High-Bandwidth Flash (HBF), sometimes referred to as High-Bandwidth Flash DRAM (HBFD), is shaping up as one of the more intriguing memory ideas to emerge from the AI boom. It promises something HBM can’t easily deliver at scale: dramatically higher capacity per stack. But despite the hype, current industry chatter suggests NVIDIA isn’t preparing to adopt HBF anytime soon. Instead, Google is expected to become one of the first major customers as it expands its AI infrastructure.
HBF is being co-developed by SanDisk and SK hynix, and its design borrows a familiar concept from High Bandwidth Memory: stacking layers vertically to boost density and bandwidth in a compact footprint. The difference is what gets stacked. Rather than DRAM dies like HBM, HBF stacks multiple layers of NAND flash, connected through TSVs (Through Silicon Vias) to act more like a unified memory stack than a collection of separate chips.
That architecture is what enables the headline-grabbing capacity claims. Today’s HBM stacks typically land in the 32GB to 64GB range. HBF, on the other hand, is being positioned as capable of scaling as high as 4TB per stack, a massive jump that could meaningfully change how AI systems think about memory limits.
Performance-wise, HBM remains the speed king. However, HBF is being positioned as “fast enough” for certain workloads thanks to architectural optimizations designed to push throughput higher than traditional flash-based storage. The sweet spot being discussed is AI inferencing, especially as interest grows in agentic AI systems that rely on fast access to context. With more capacity close to the compute, HBF could also reduce pressure tied to KV cache limits, which can become a bottleneck in large model deployments.
Even with those advantages, reports indicate NVIDIA is not currently planning to move to HBF. The apparent reasoning is practical: NVIDIA believes its bandwidth and capacity challenges can be met through other routes, particularly enterprise SSD solutions. There’s also talk that NVIDIA is working with Kioxia on next-generation PCIe Gen7 SSDs, aiming for performance gains that could be dramatically higher than many standard designs. In that view, SSD advances could cover much of what HBF is trying to solve—without introducing a new memory standard into NVIDIA’s platform roadmap.
Meanwhile, development of HBF continues to accelerate. SK hynix is said to be leading the push, with first samples expected in the second half of this year. Sampling is a key milestone because it signals real-world validation is approaching, not just early-stage concept work.
If NVIDIA is sitting this one out for now, Google may be stepping in as the early anchor customer. Google’s AI ambitions keep expanding, and its TPU ecosystem is scaling quickly with next-generation TPU platforms reportedly in the pipeline. That combination—aggressive AI buildout plus custom silicon—often creates the perfect environment to adopt emerging memory technologies earlier than the rest of the market.

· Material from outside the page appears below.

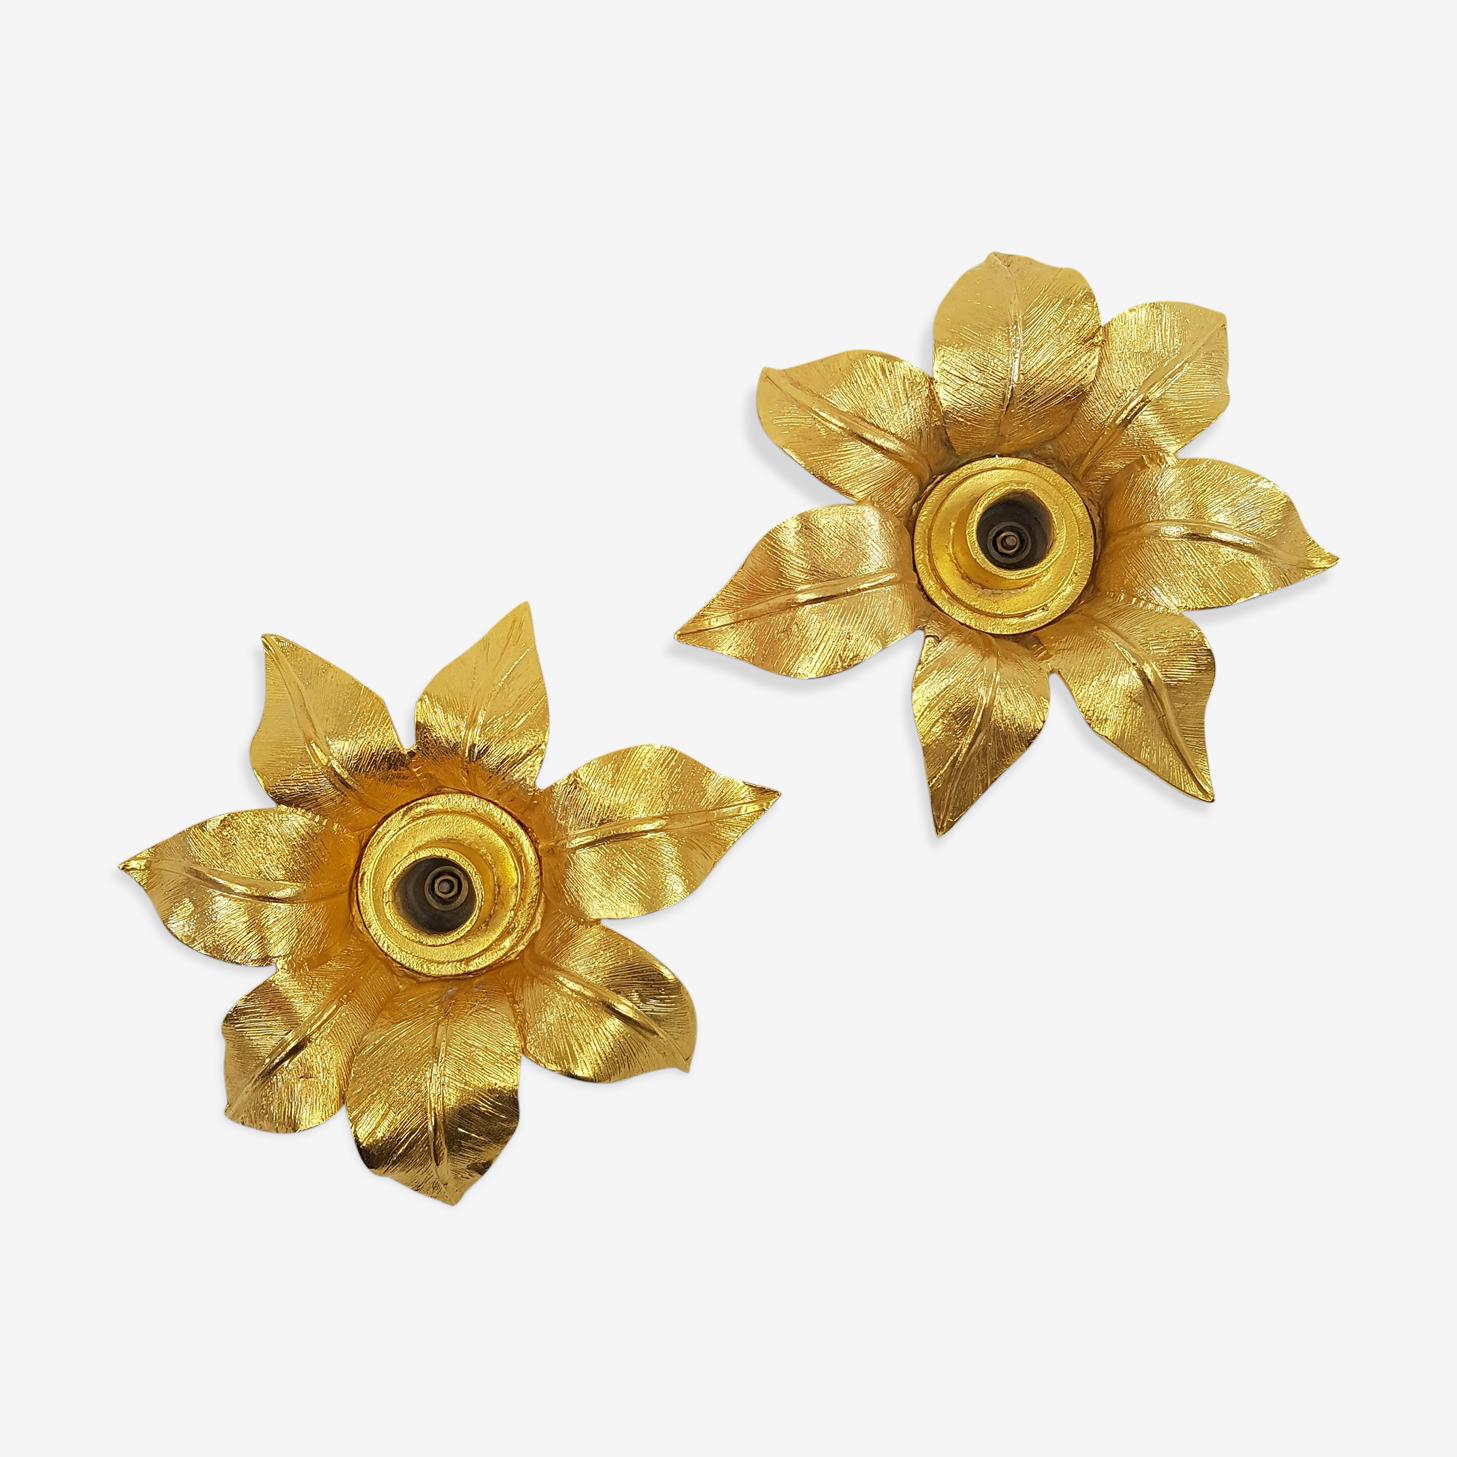 Pair of candlesticks golden flower Les Collectionnables de Berger
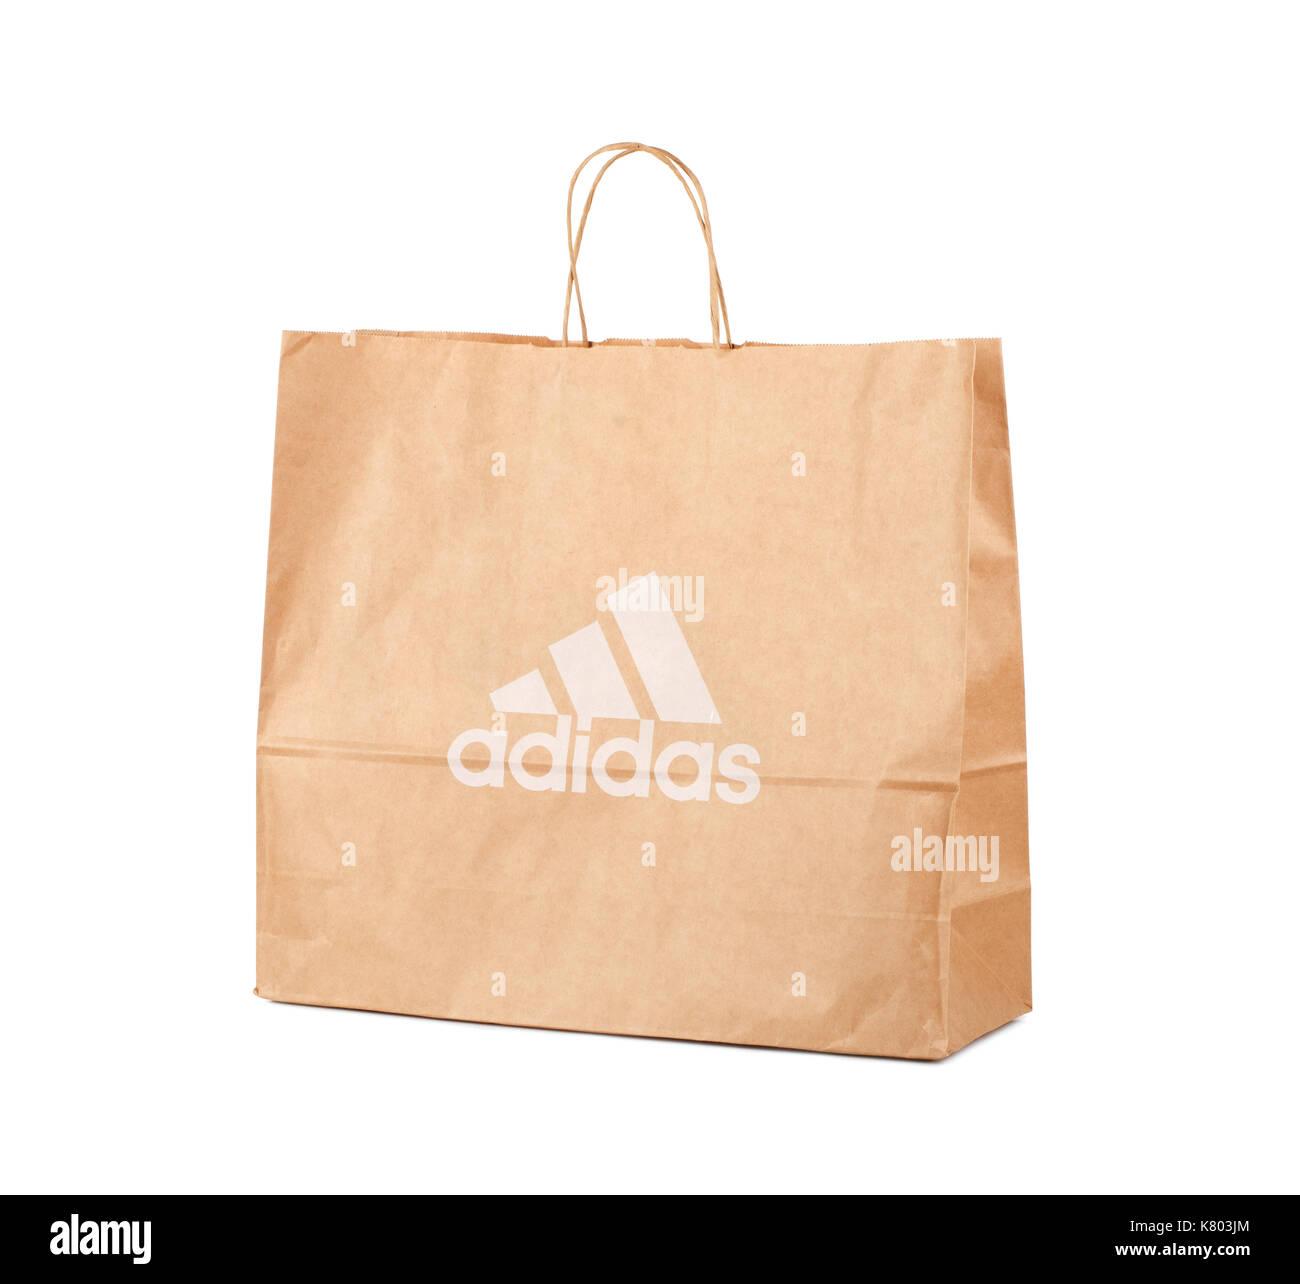 SAMARA, RUSSIE - 17 juin 2017: Adidas sac de papier avec le logo de l'entreprise célèbre, d'illustration editorial Photo Stock

Beyond the “HBM alternative” narrative, HBF may also find an even broader opportunity: supplementing or replacing traditional server memory in certain designs. Data centers are already experimenting with different memory approaches as system bottlenecks shift. With AI workloads, CPUs can become constraints in surprising ways, and that has increased demand for LPDDR5 and LPDDR5X in servers, including newer form factors like SOCAMM2. HBF’s stacked approach could help reduce PCB space, increase memory capacity, and keep power consumption in check while still offering high bandwidth—an appealing mix for dense AI servers.
For now, the near-term story is clear: HBF is moving toward sampling, Google is expected to be a major early adopter, and NVIDIA appears content to stick with HBM while pushing storage performance forward through next-gen enterprise SSDs. Whether HBF becomes a mainstream pillar of AI hardware—or remains a specialized solution for particular workloads—will likely depend on how quickly it proves itself in real deployments and how urgently the industry needs multi-terabyte, high-bandwidth memory stacks close to compute.